• Extracted information:
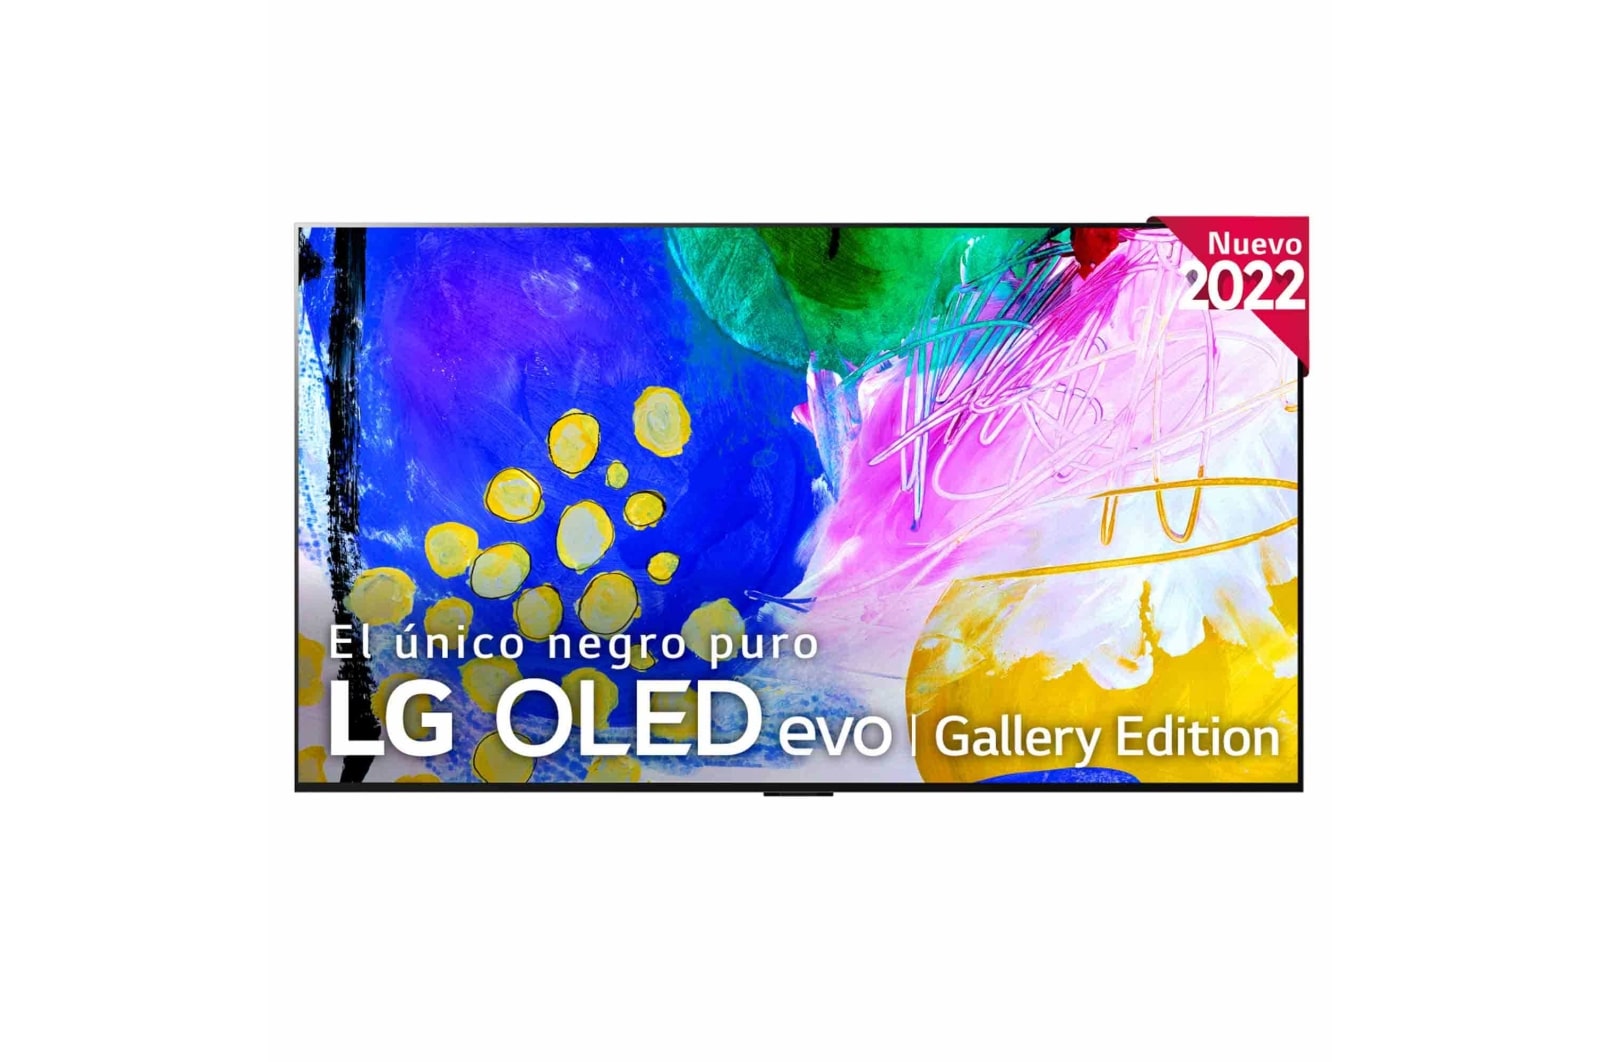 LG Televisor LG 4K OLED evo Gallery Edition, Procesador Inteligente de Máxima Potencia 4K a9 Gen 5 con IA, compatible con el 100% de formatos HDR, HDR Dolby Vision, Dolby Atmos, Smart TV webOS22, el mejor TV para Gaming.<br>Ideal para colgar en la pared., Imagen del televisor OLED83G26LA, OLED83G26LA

--

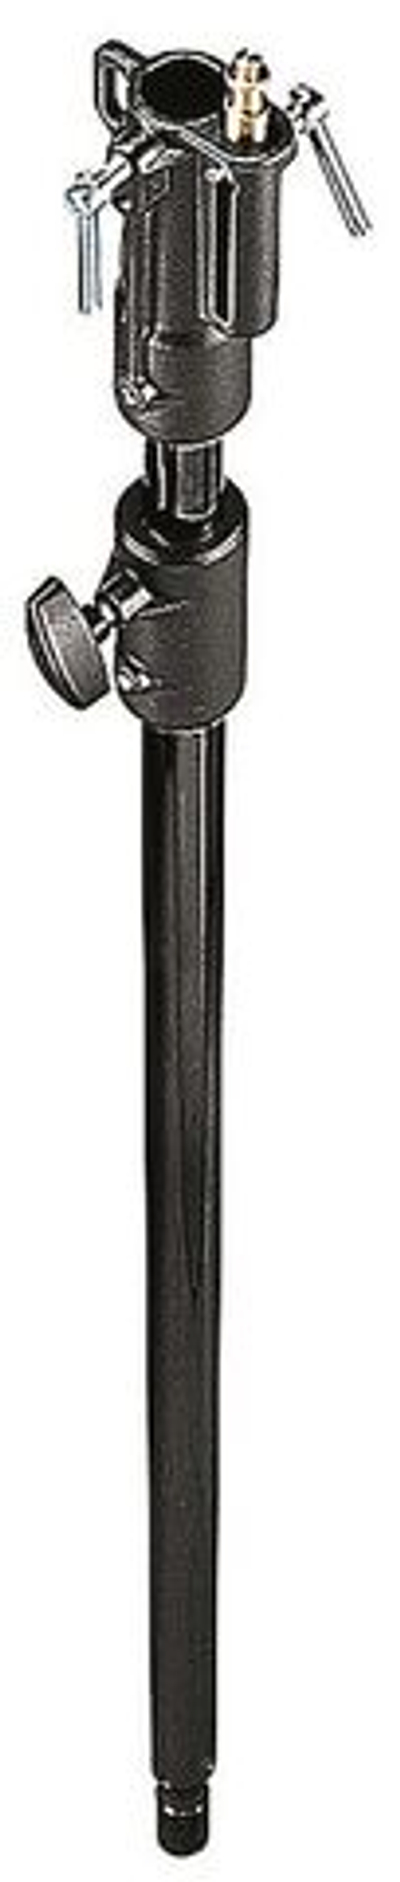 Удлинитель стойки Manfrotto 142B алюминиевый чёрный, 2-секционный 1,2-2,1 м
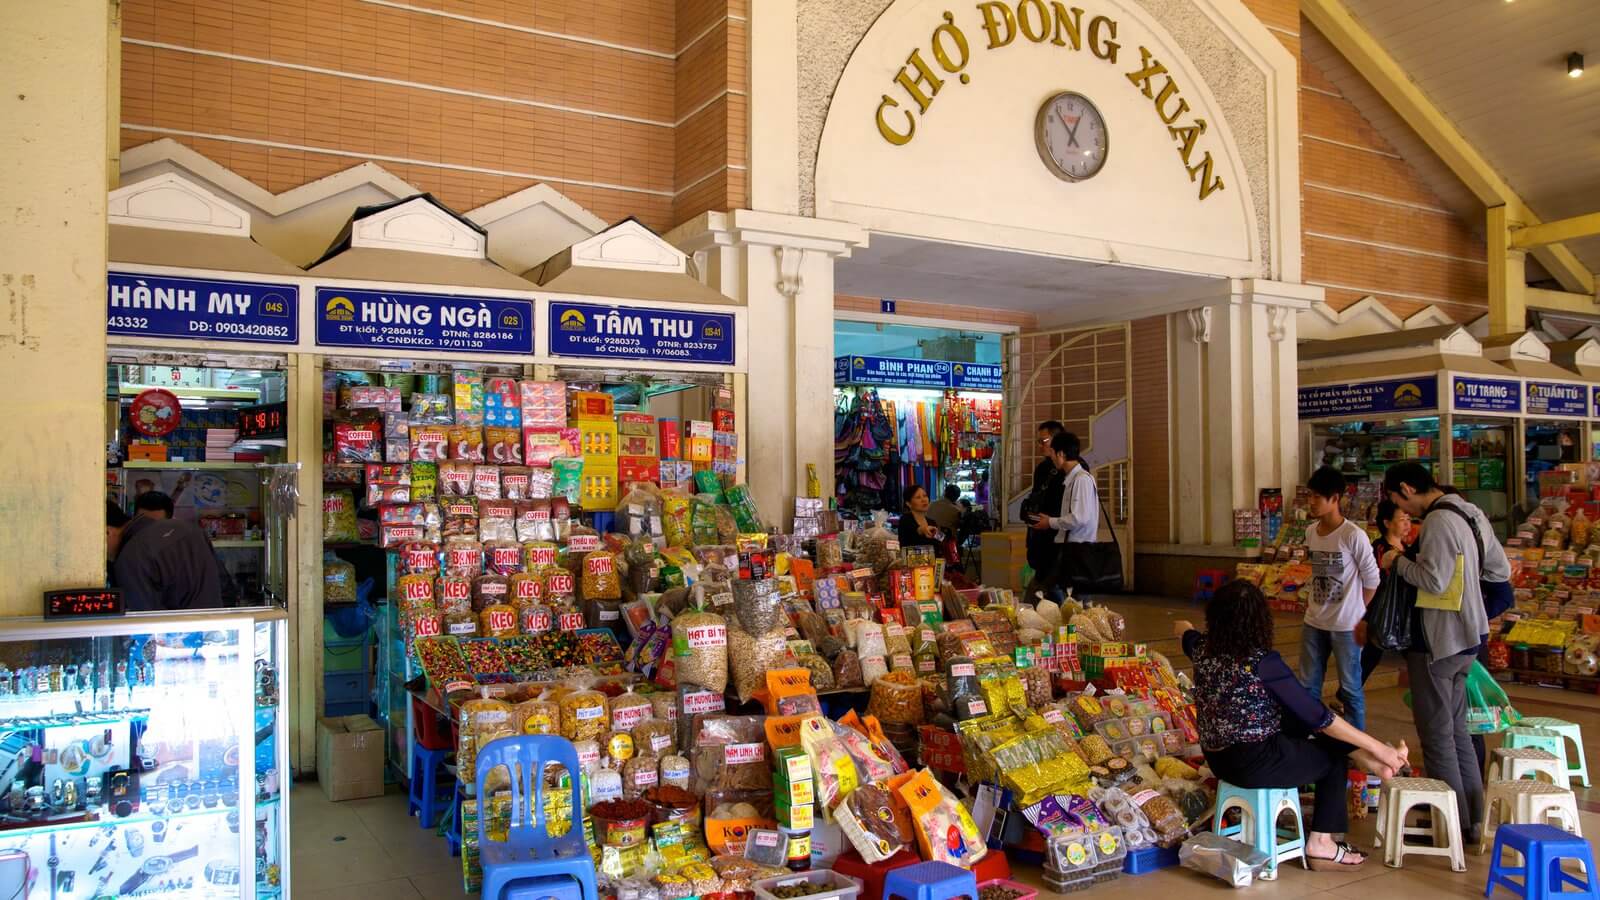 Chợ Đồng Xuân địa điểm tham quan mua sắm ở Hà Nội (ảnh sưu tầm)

• Problem statement:
Among the entries above, find the line with "Удлинитель стойки Manfrotto" and repeat exactly from there through the line with "Chợ Đồng Xuân", leaving out the pictures.

• Response to this task:
 Удлинитель стойки Manfrotto 142B алюминиевый чёрный, 2-секционный 1,2-2,1 м
 Chợ Đồng Xuân địa điểm tham quan mua sắm ở Hà Nội (ảnh sưu tầm)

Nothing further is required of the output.